Is the some existing mathematical notation to mean "treat this term as a constant when differentiating"? This would be the equivalent of detach in pytorch or stop_gradient in tensorflow and jax.

When I asked this on twitter a helpful suggestion was that $\bot$ (\bot) had been used in one paper (https://arxiv.org/abs/1802.05098), and sg in another (https://arxiv.org/abs/1711.00937).
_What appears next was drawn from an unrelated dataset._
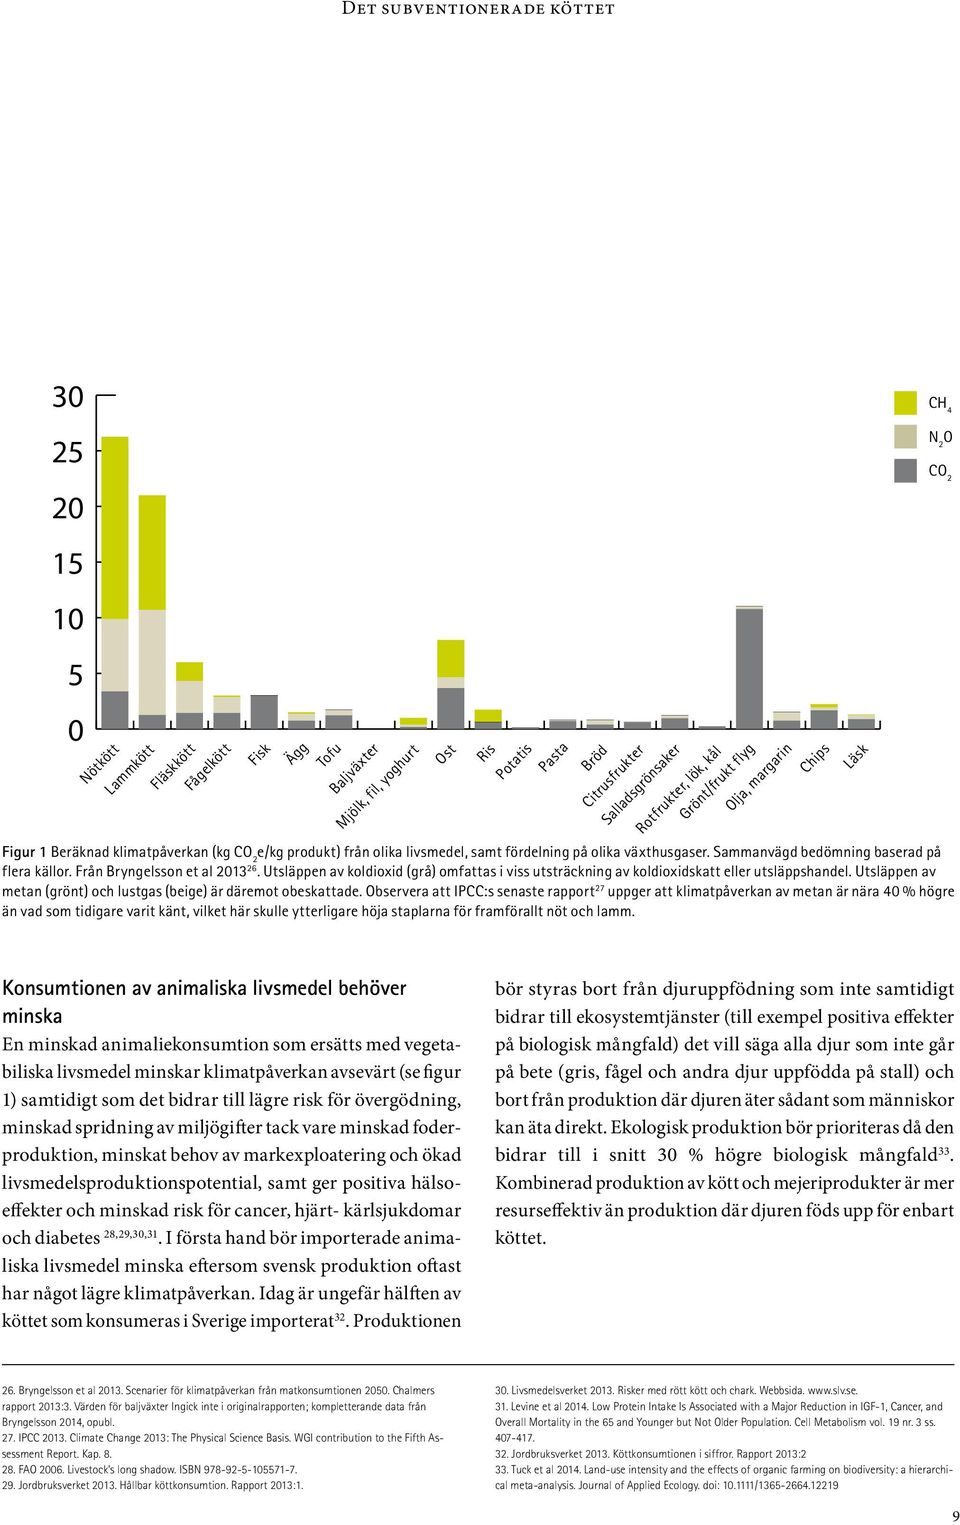 Från Bryngelsson et al 2013 26. Utsläppen av koldioxid (grå) omfattas i viss utsträckning av koldioxidskatt eller utsläppshandel. Utsläppen av metan (grönt) och lustgas (beige) är däremot obeskattade.

I'll use $\bot$ in the examples below.

I'd like to know if there is a well known notation for this in some literature.

Trivial example for basic question

If $x$ is a function of $t$ we could express $\frac{\partial}{\partial t} f(x,t)$ as $\frac{d}{dt} f(\bot x, t)$.

Extended question

It would be nice to have notation meaning "treat as a constant when differentiating with respect to a particular variable, but otherwise treat as normal" e.g. $\bot_\phi$

Real example covering extended question

In a variational inference derivation I've defined:

$$\mathcal{K}(\phi_1, \phi_2) = E[ \log \pi(\theta_1, \theta_2) + \log f(y_1 | \theta_1) + \log f(y_2 | \theta_1, \theta_2) - \log q_1(\theta_1; \phi_1) - \log q_2(\theta_2 | \theta_1; \phi_2)]. $$

I'd like to calculate $\nabla_{\phi_1} \mathcal{K}$ zeroing out certain terms, but $\nabla_{\phi_2} \mathcal{K}$ without zeroing out anything. It would be nice to write this by defining: $$\mathcal{K}(\phi_1, \phi_2) = E[ \log \pi(\theta_1, \theta_2) + \log f(y_1 | \theta_1) + \bot_{\phi_1}[\log f(y_2 | \theta_1, \theta_2)] - \log q_1(\theta_1; \phi_1) - \bot_{\phi_1}[\log q_2(\theta_2 | \theta_1; \phi_2)]]. $$

For completeness, here's the details of the other notation used in this example:

  • $\pi(\theta_1, \theta_2)$ is a prior density for the parameters.
  • $f(y_1, \theta_1)$ and $f(y_2 | \theta_1, \theta_2)$ are densities for two observations.
  • The generative definition of the approximate posterior is: $$ \theta_1 = g(\epsilon_1, \phi_1), \theta_2 = g(\theta_1, \epsilon_2, \phi_2), \epsilon_1 \sim N(0,I), \epsilon_2 \sim N(0,I). $$ so that the expectation in the defintion of $\mathcal{K}$ is over $\epsilon_1$ and $\epsilon_2$
  • The densities for the approximate posterior are $q(\theta_1; \phi_1), q(\theta_2 | \theta_1; \phi_2)$.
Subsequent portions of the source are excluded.